North Island: Auckland, Mill Bay, 29.vi.81, coll. P. Johnston, no. 43682 (holotype, PDD; isotype, TENN); WKR, vic. Forestry Headquarters, 21.vi.81, coll. RHP, no. 42493 (TENN); WKR, Ricker Track, 31.v.82, coll. RHP, no. 43595 (TENN); WR, Karamatura Stream, l.vii.81, coll. EH, no. 1029 (ZT); Auckland, Titirangi, Atkinson Park, 20.vi.65, coll. RFRM, no. 60 (PDD); WR, Cranwell Track, 26.v.65, coll. RFRM, no. 38 (PDD); Auckland, Northcote, Kauri Glen, 14.viii.81, coll. B. Segedin, no. 1890 (AKU).

Fruit bodies up to 70 x 4.5 mm, simple clubs, narrowly fusiform, cespitose in groups from 8 to 30, arising from individual or common whitish mycelial patches, fragile. Club violaceous rose ("alizarine-pink" to "deep vinaceous") to buffy pink ("grenadine-pink", "light Congo-pink"), darkening somewhat in age ("light Corinthian-red", "jasper-pink"), opaque, appearing waxy, equal or tapering slightly upward; apex rounded; flesh white, stuffed. Stipe striate-silky, paler than club ("light Congo-pink", "Chatenay-pink" to "Venetian-pink"), clearly delimited from hymenium. Taste and odour negligible.

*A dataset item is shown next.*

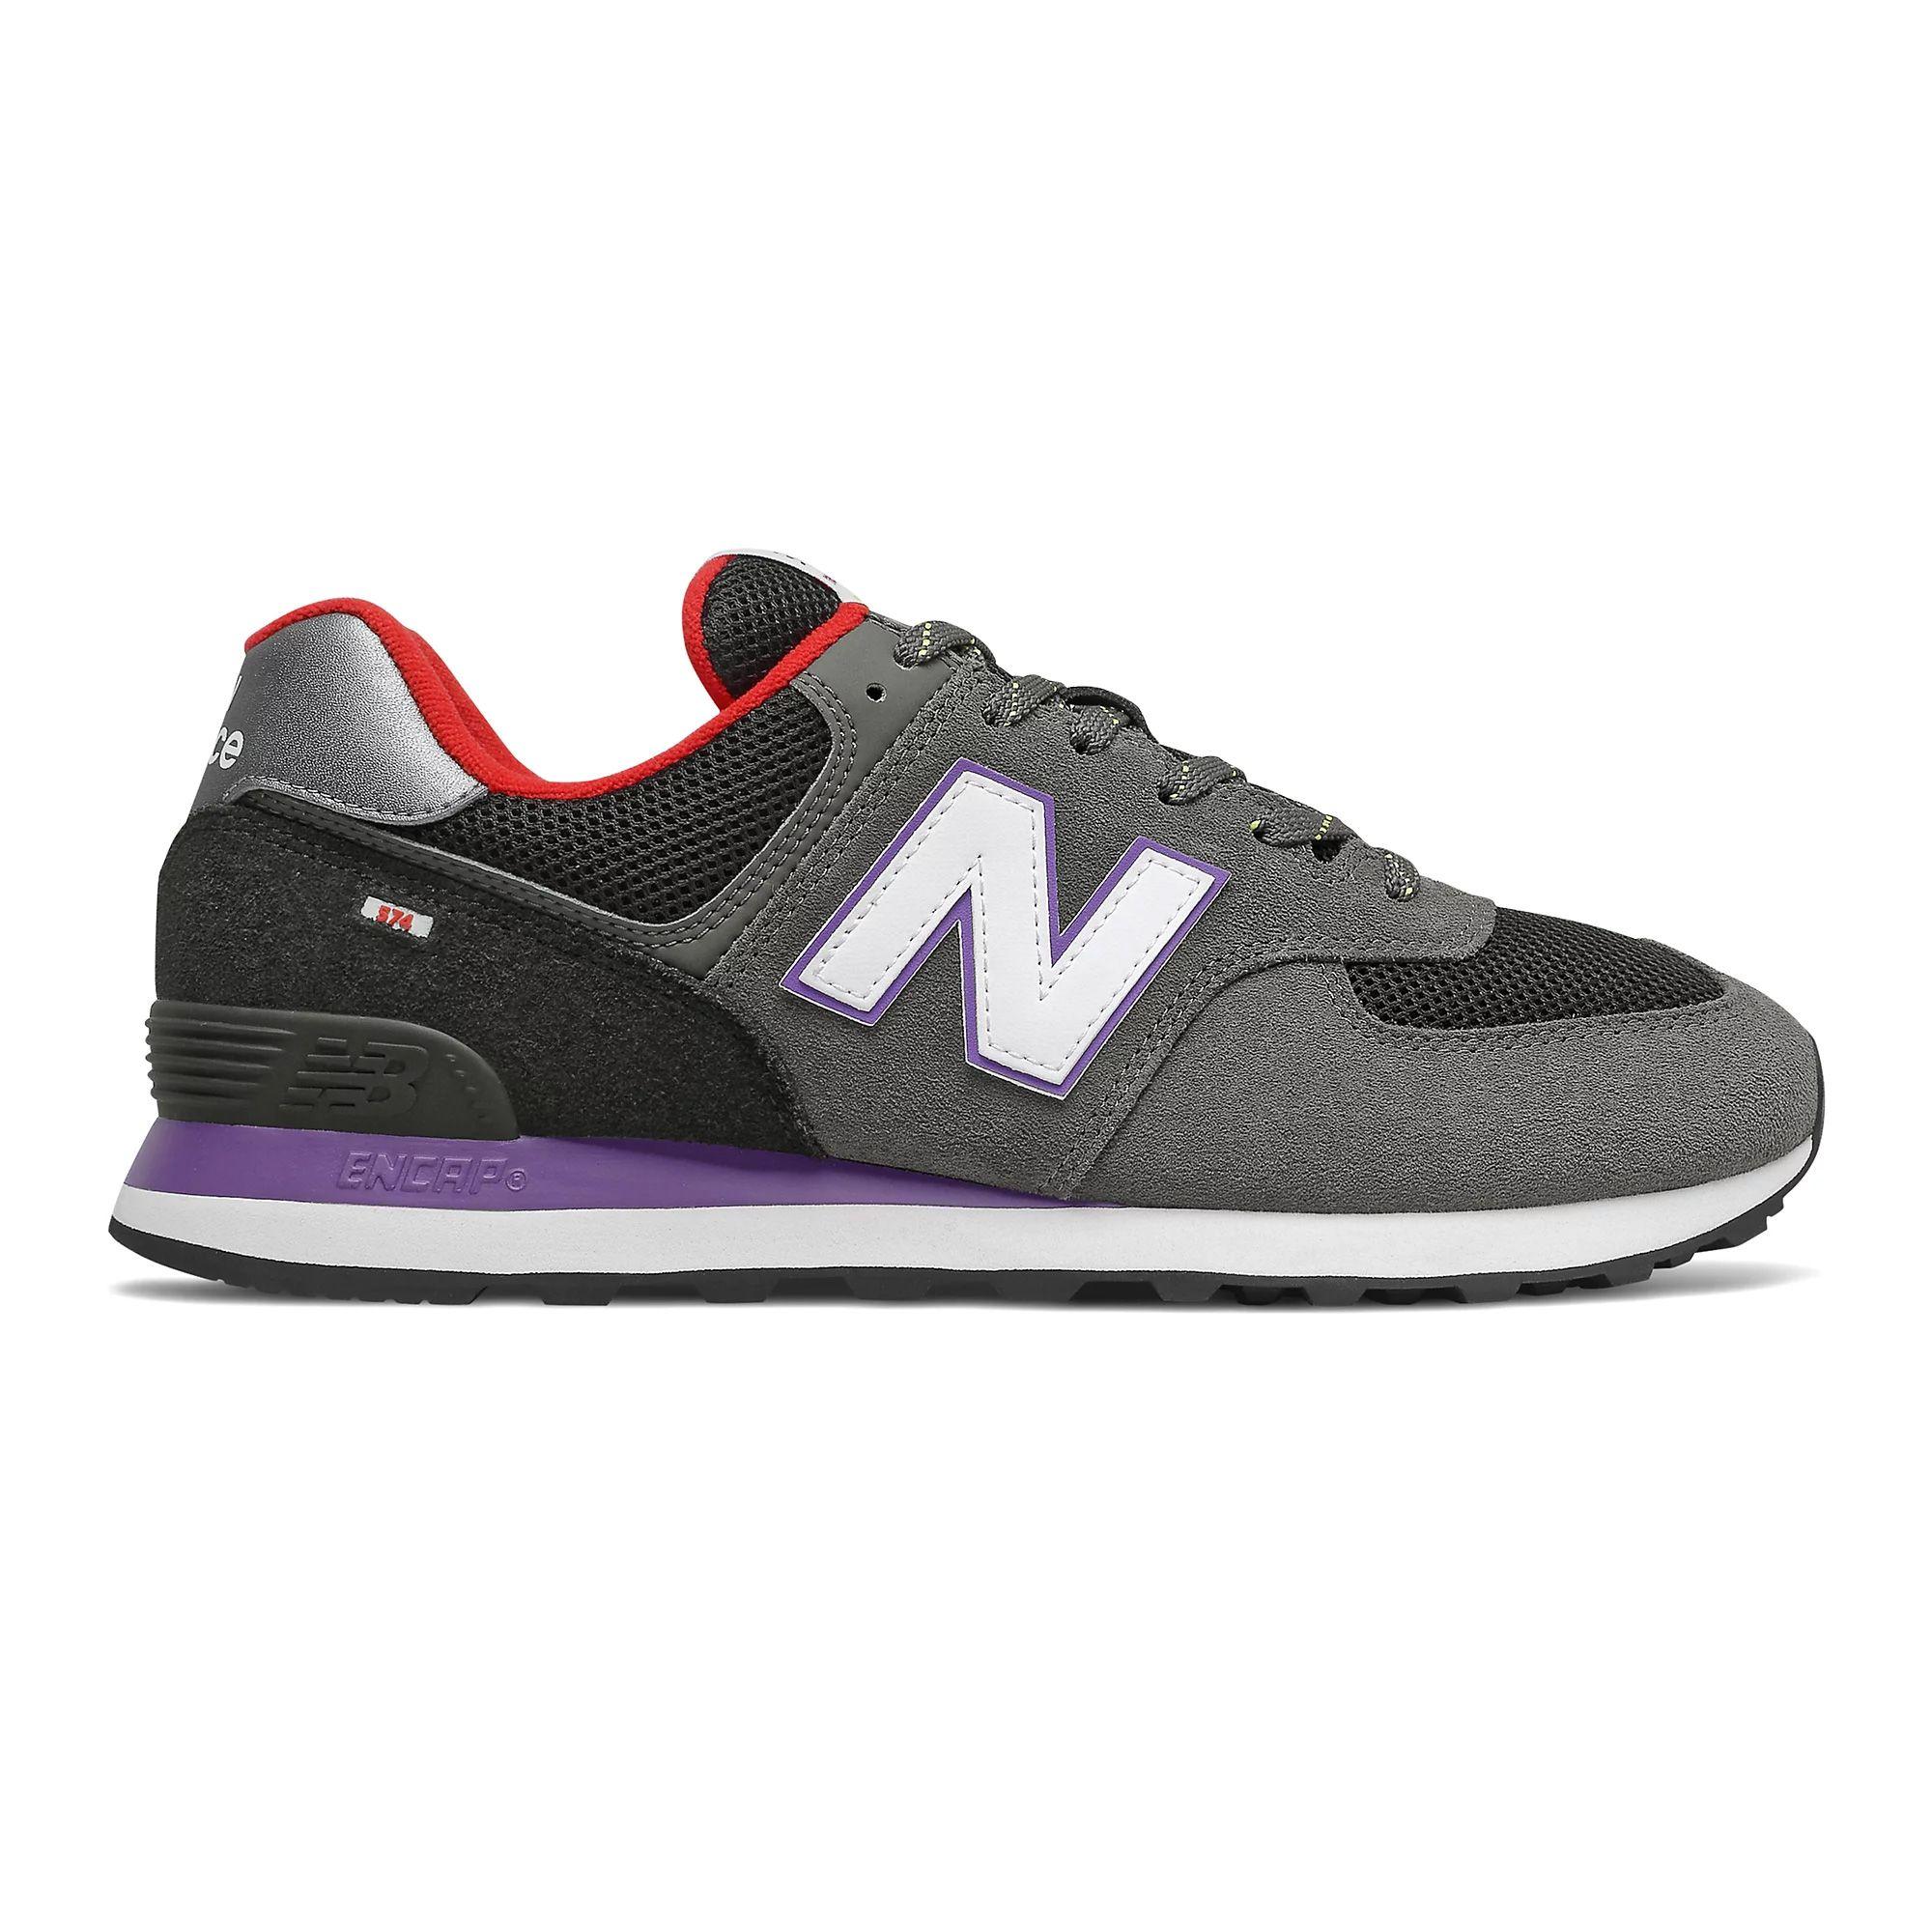 New Balance Men's 574 in Prism Purple/First Light/Grey

Tramal hyphae 3-8 µm diam., hardly inflated, thin-walled, clampless, strictly parallel, adherent; secondary septa abundant. Subhymenium well-developed, pseudoparenchymatous. Hymenium thickened, agglutinated; basidia 40-50 x 9-11 µm, clavate, clamped to asymmetrically bifurcate, refringent, empty but persistent after spore discharge; sterigmata 4, up to 7 µm long, stout, subcornute.
Spores (Fig. 32) 7.9-10.8 x 6.5-7.9 µm (E = 1.19-1.33; E^m = 1.27; L^m = 8.93 µm), subglobose, to broadly ellipsoid, smooth, thin-walled; contents homogeneous or with 1-2 guttules; hilar appendix papillate, broad.

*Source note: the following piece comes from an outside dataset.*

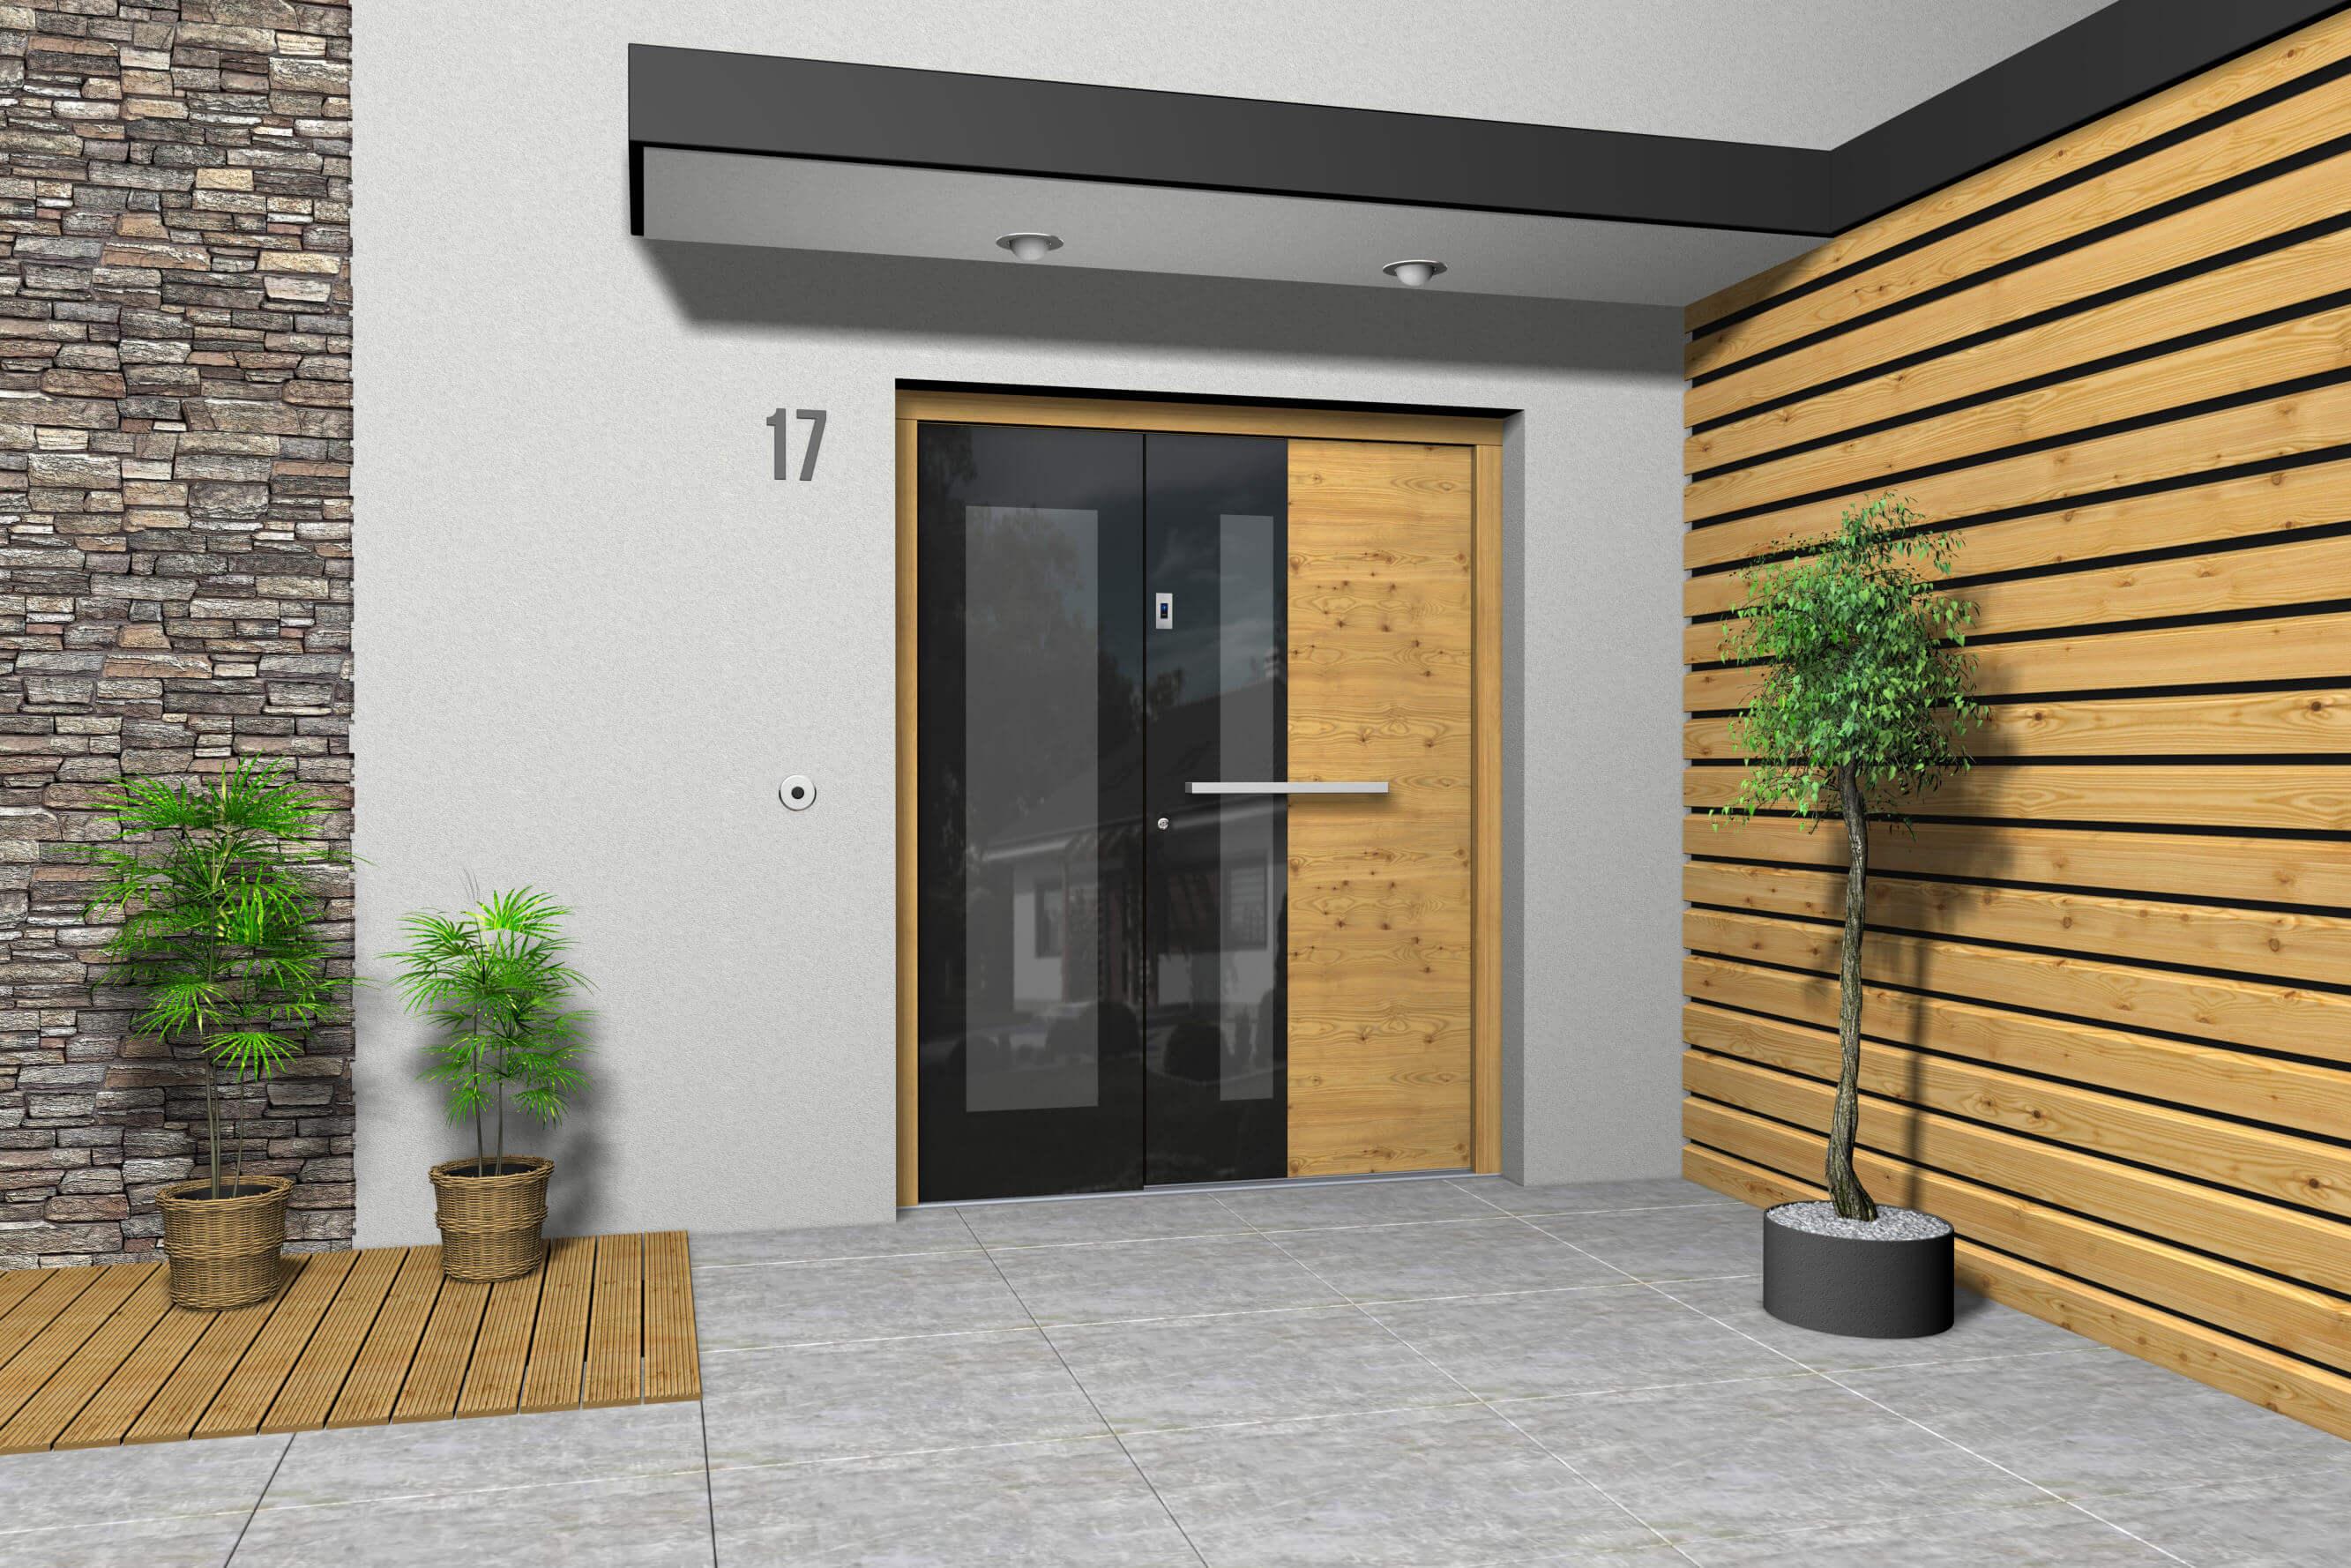 haust ren holz exclusiv astig ks hausbau24. Black Bedroom Furniture Sets. Home Design Ideas

Receptacula ad 70 x 4.5 mm, simplicia, caespitosa, roseo-violacea. Hyphis efibulatis; basidiis fibulatis. Sporis subglobosis vel late ellipsoideis (E^m = 1.27; L^m = 9 µm), laevibus, ut in oratione infra.

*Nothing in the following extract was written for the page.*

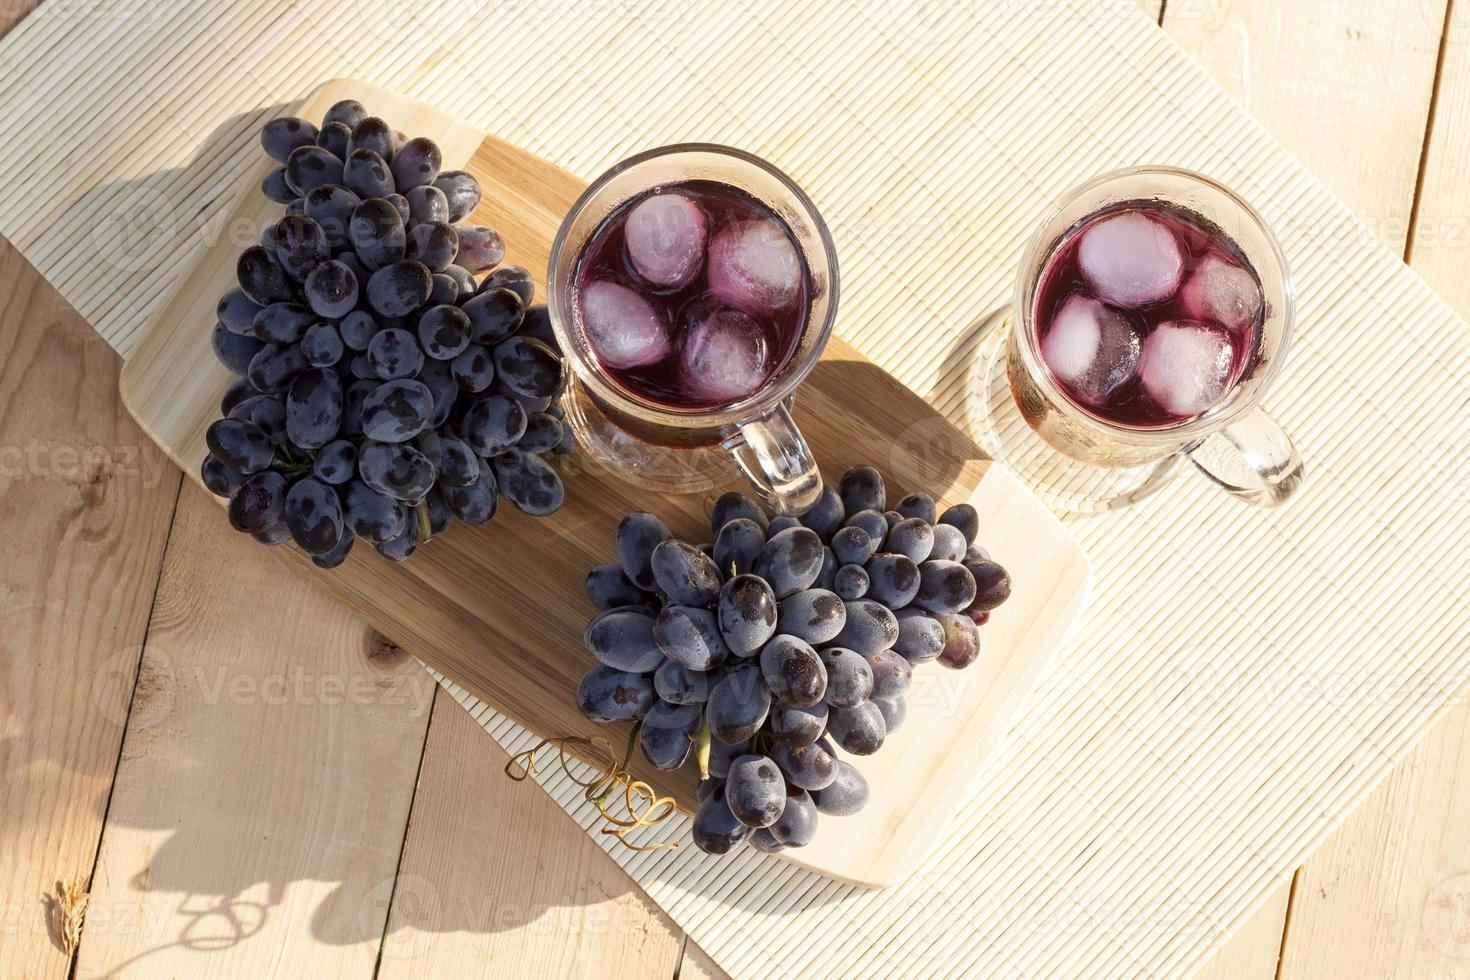 jugo de uva y uvas azules frescas foto

In general shape and colour, this taxon resembles Clavaria rubicundula from North America, which produces fascicles of simple clubs. In C. roseo-violacea, however, fruit bodies are not truly fasciculate, but densely cespitose, and do not originate below the substrate level as do those of C. rubicundula, but from mycelial patches on the substrate surface. Finally, C. rubicundula belongs in subg. Clavaria.
Previously, I reported on the type specimen of Clavaria miltina Berk. (Petersen 1967b), to which C. roseo-violacea could be compared. Because material of that type was so poor, I decided to discard the epithet as a nomen dubium. Moreover, my observations indicated that tramal hyphae were clamped, so that taxon was removed from subg. Holocoryne, if not from Clavaria.
Fruit body colour is very suggestive of descriptions of Clavaria incarnata of the North Temperate Zone. That species concept differs from C. roseo-violacea in producing elongate spores (6-10 x 3.5-6.5 µm) and solitary to scattered fruit bodies.